O charque era utilizado também para alimento dos escravos (outro era o bacalhau) em todo o Brasil e nos países que adotavam o sistema escravista, sobretudo o Caribe (Cuba, principalmente). Do gado, se aproveitava tudo: o couro, o pó dos ossos para fertilizante, o sangue para gelatina, a língua defumada, os chifres para várias utilidades. Esses produtos eram exportados para toda a Europa e os Estados Unidos.

O charque era quase exclusivamente produzido pelo Brasil. De concorrentes, apenas Uruguai e a Argentina. “Quando esses países estavam em crise, o que era comum em virtude das guerras civis, a produção pelotense atingia maior rentabilidade”, enfatiza o historiador Magalhães. A safra era sazonal e durava de novembro a abril. As charqueadas tinham em média 80 escravos, ocupados nos intervalos da safra em olarias nas próprias charqueadas, derrubadas de mato e plantações de milho, feijão e abóbora nas pequenas chácaras que cada charqueador possuía na Serra dos Tapes, onde ficam hoje a Cascata e as colônias de Pelotas. Magalhães conta que os navios que levavam o charque não voltavam vazios. Traziam mantimentos, livros, revistas de moda, móveis, louças da Europa – e açúcar do Nordeste, consolidando a tradição do doce em Pelotas. “Embora aqui não se plantasse cana-de-açúcar, os doces de Pelotas chegaram a ser rivais dos do Nordeste, região açucareira por excelência.”

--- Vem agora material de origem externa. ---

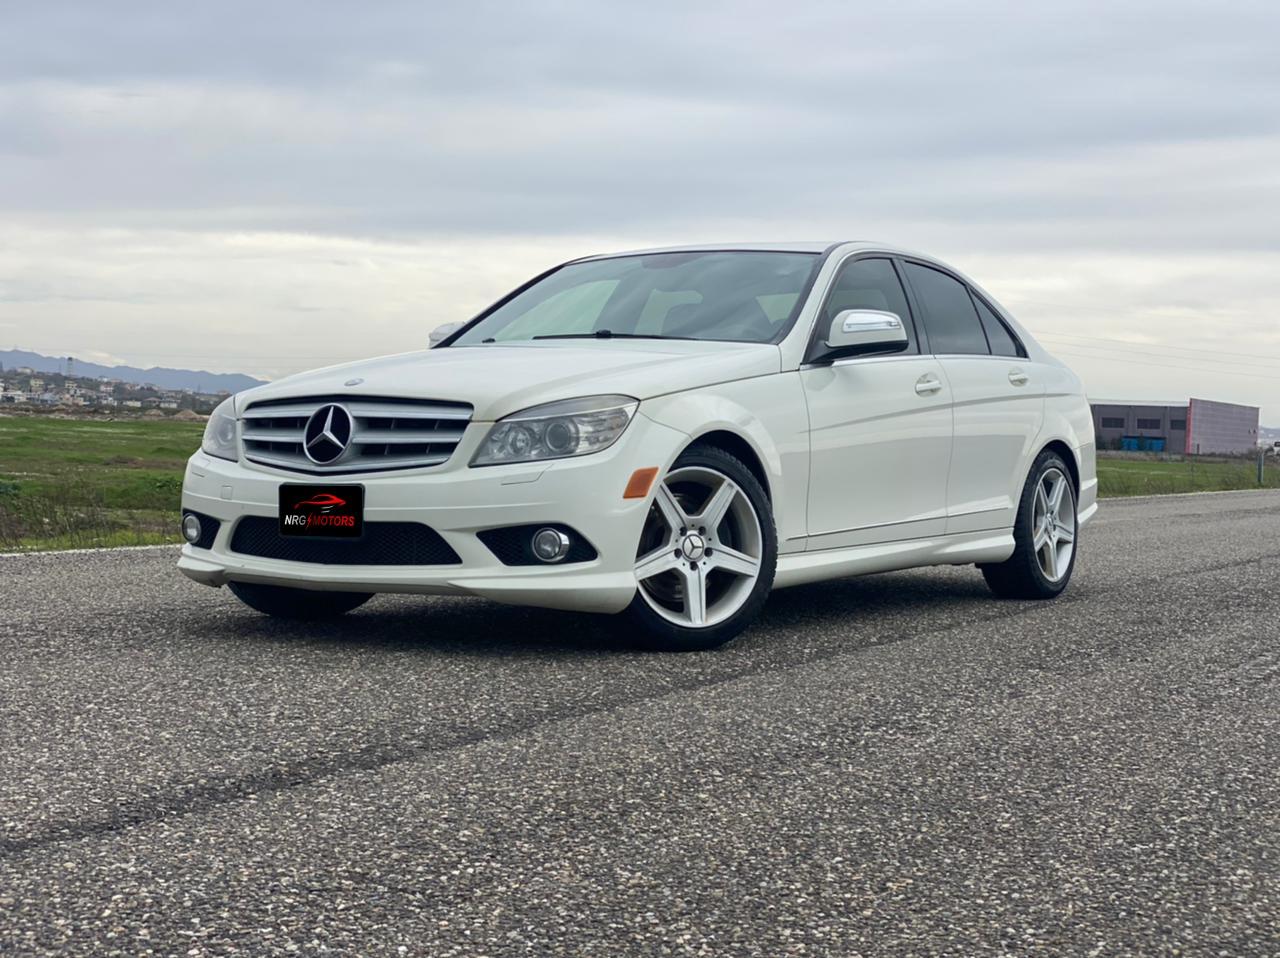 Mercedes Benz C300 ne shitje, Mercedes Benz C300 AMG Line ne shitje C Class, Shitet C300, C Class i bardhe - NRG Motors
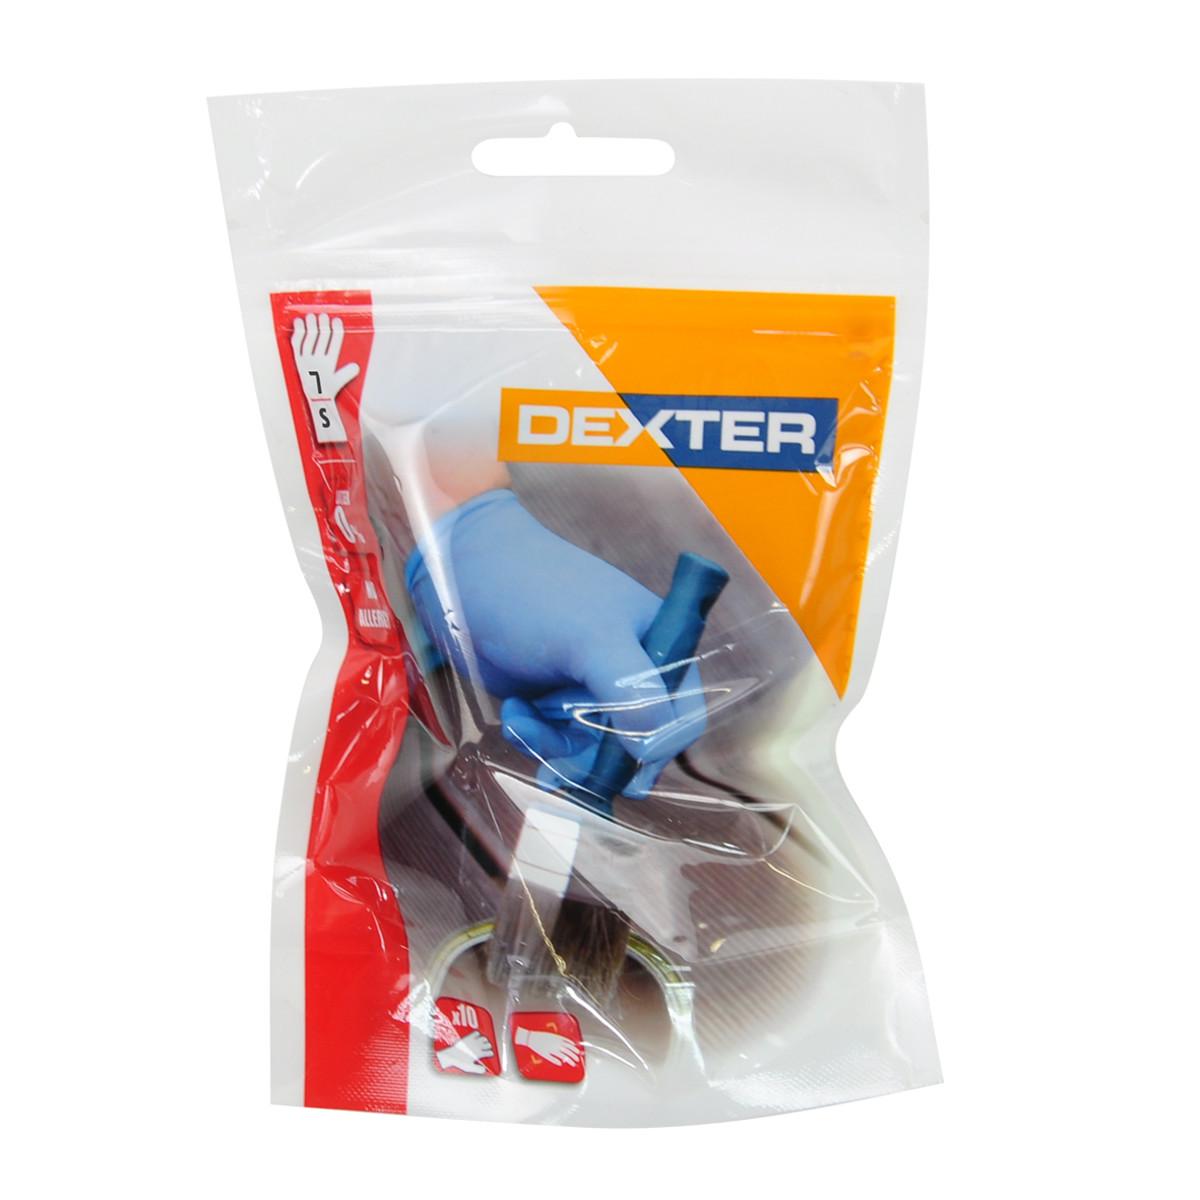 Перчатки нитриловые Dexter 10 шт. одноразовые

Em 1820, eram 22 charqueadas (depoimento de Saint-Hilaire) e, em 1873, 38. “Número máximo que encontrei, num relatório da Presidência da Província”, complementa.

Outro dado espantoso é o número de abates, num total de 400 mil cabeças de gado por ano. De acordo com as pesquisas de Magalhães, Simões Lopes Neto, na Revista do Primeiro Centenário de Pelotas, editada em 1911, comenta que até aquela data foram abatidas 45 milhões de reses e umas 200 firmas se sucederam.

 

O fim do ciclo do charque

As causas do encerramento do ciclo do charque em Pelotas foram várias. Uma das principais, a abolição dos escravos, quando deixa de existir o verdadeiro consumidor do produto. Magalhães explica que a concorrência de regiões gaúchas que antes apenas produziam a matéria-prima também foi outro golpe contra os charqueadores locais. “Depois de 1884, fundaram-se charqueadas em algumas cidades da fronteira, porque nesse ano estabeleceu-se a linha férrea, que permitia o escoamento do produto até o porto de Rio Grande.” O advento dos frigoríficos, na década de 1910, foi outra. Em 1918, restaram apenas cinco charqueadas em Pelotas. “O coronel Pedro Osório, que começou como charqueador, passou a plantar arroz em 1905, transformando-se no maior industrial do setor no mundo e conhecido como Rei do Arroz”.